Segfault in mozilla::DoCompressedTexImage running WebGL Conformance Tests
Categories
(Core :: Graphics, defect, P2)
Tracking
()
People
(Reporter: leonard, Unassigned)
References
(Blocks 1 open bug)
Details
Attachments
(1 file)
506.76 KB,
image/png
|
Details |
User Agent: Mozilla/5.0 (X11; Linux aarch64; rv:105.0) Gecko/20100101 Firefox/105.0
Steps to reproduce:
Using the build from https://bugzilla.mozilla.org/show_bug.cgi?id=1696691#c8 and Mesa 22.3 development version in release build configuration (including the freedreno driver fixes https://gitlab.freedesktop.org/mesa/mesa/-/merge_requests/17888) I ran https://registry.khronos.org/webgl/sdk/tests/webgl-conformance-tests.html
Actual results:
Segmentation fault during the negativetextureapi test part of the gles3 testsuite. Note that just running the gles3 testsuite does not trigger the segmentation fault. But running the complete WebGL Conformance Testsuite reliable triggers the segfault at negativetextureapi after around 90 minutes.
Thread 38 "CanvasRenderer" received signal SIGSEGV, Segmentation fault.

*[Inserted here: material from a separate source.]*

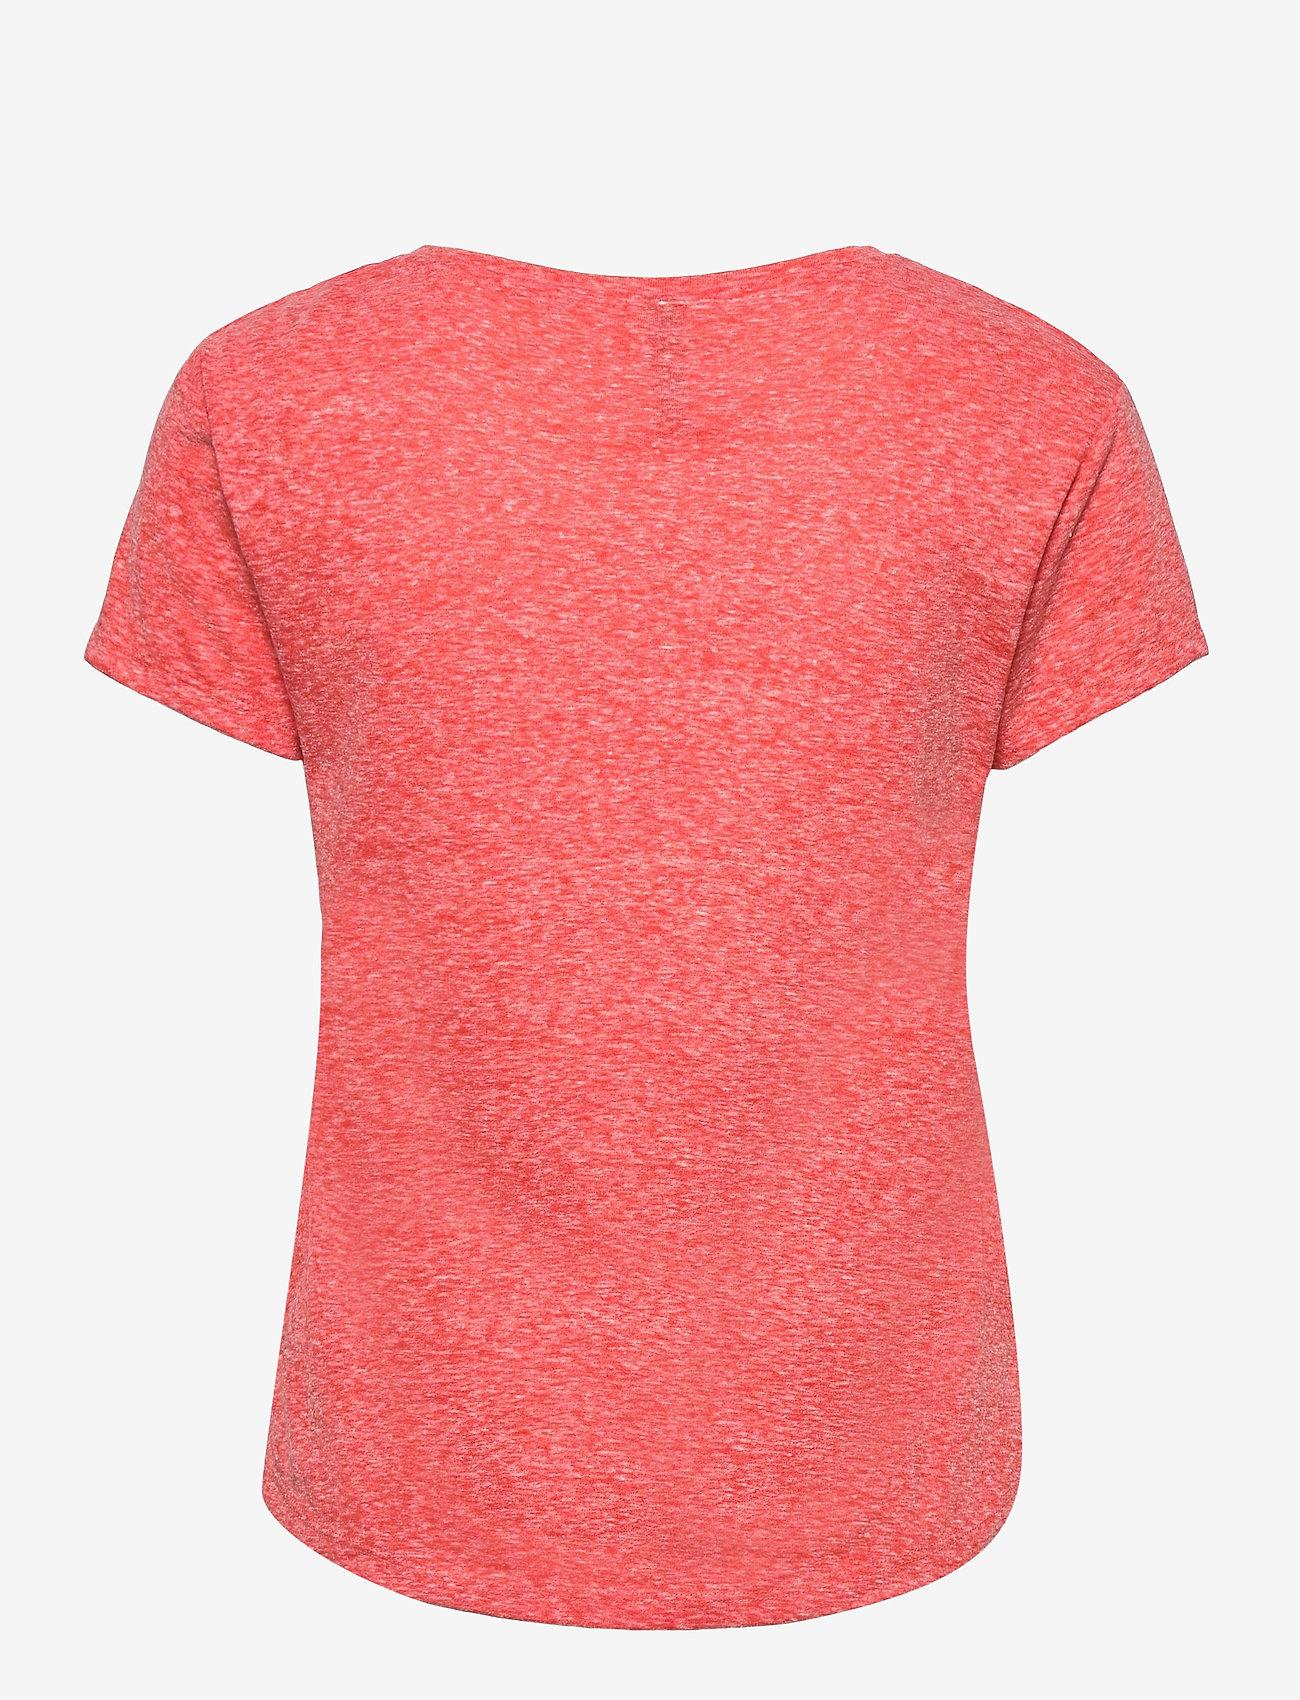 O'neill - LW ESSENTIALS T- SHIRT - t-shirts - hot coral - 1

[Switching to Thread 0x7f5323e100 (LWP 21259)]
0x0000007ff0b51e40 in mozilla::DoCompressedTexImage(mozilla::gl::GLContext*, StrongGLenum<TexImageTargetDetails>, int, unsigned int, int, int, int, int, void const*) () from /home/leonard/Downloads/firefox/libxul.so
(gdb) bt
#0 0x0000007ff0b51e40 in mozilla::DoCompressedTexImage(mozilla::gl::GLContext*, StrongGLenum<TexImageTargetDetails>, int, unsigned int, int, int, int, int, void const*) () at /home/leonard/Downloads/firefox/libxul.so
#1 0x0000007ff0b518bc in mozilla::WebGLTexture::CompressedTexImage(bool, unsigned int, unsigned int, unsigned int, mozilla::avec3<unsigned int> const&, mozilla::avec3<unsigned int> const&, mozilla::Range<unsigned char const> const&, unsigned int, mozilla::Maybe<unsigned
long> const&) () at /home/leonard/Downloads/firefox/libxul.so
#2 0x0000007ff0b11b54 in mozilla::WebGLContext::CompressedTexImage(bool, unsigned int, unsigned int, unsigned int, mozilla::avec3<unsigned int>, mozilla::avec3<unsigned int>, mozilla::Range<unsigned char const> const&, unsigned int, mozilla::Maybe<unsigned long> const&)
const () at /home/leonard/Downloads/firefox/libxul.so
#3 0x0000007ff0b382e0 in _ZZN7mozilla16MethodDispatcherINS_21WebGLMethodDispatcherELm75EMNS_16HostWebGLContextEKFvbjjjRKNS_5avec3IjEES6_RKNS_9RawBufferIhEEjRKNS_5MaybeImEEEXadL_ZNKS2_18CompressedTexImageEbjjjS6_S6_SA_jSE_EEE15DispatchCommandIS2_EEbRT_mRNS_5webgl17RangeCo
nsumerViewEENKUlDpRT_E_clIJbjjjS4_S4_S8_jSC_EEEDaSQ_ () at /home/leonard/Downloads/firefox/libxul.so
#4 0x0000007ff0b22dfc in mozilla::dom::WebGLParent::RecvDispatchCommands(mozilla::ipc::Shmem&&, unsigned long) ()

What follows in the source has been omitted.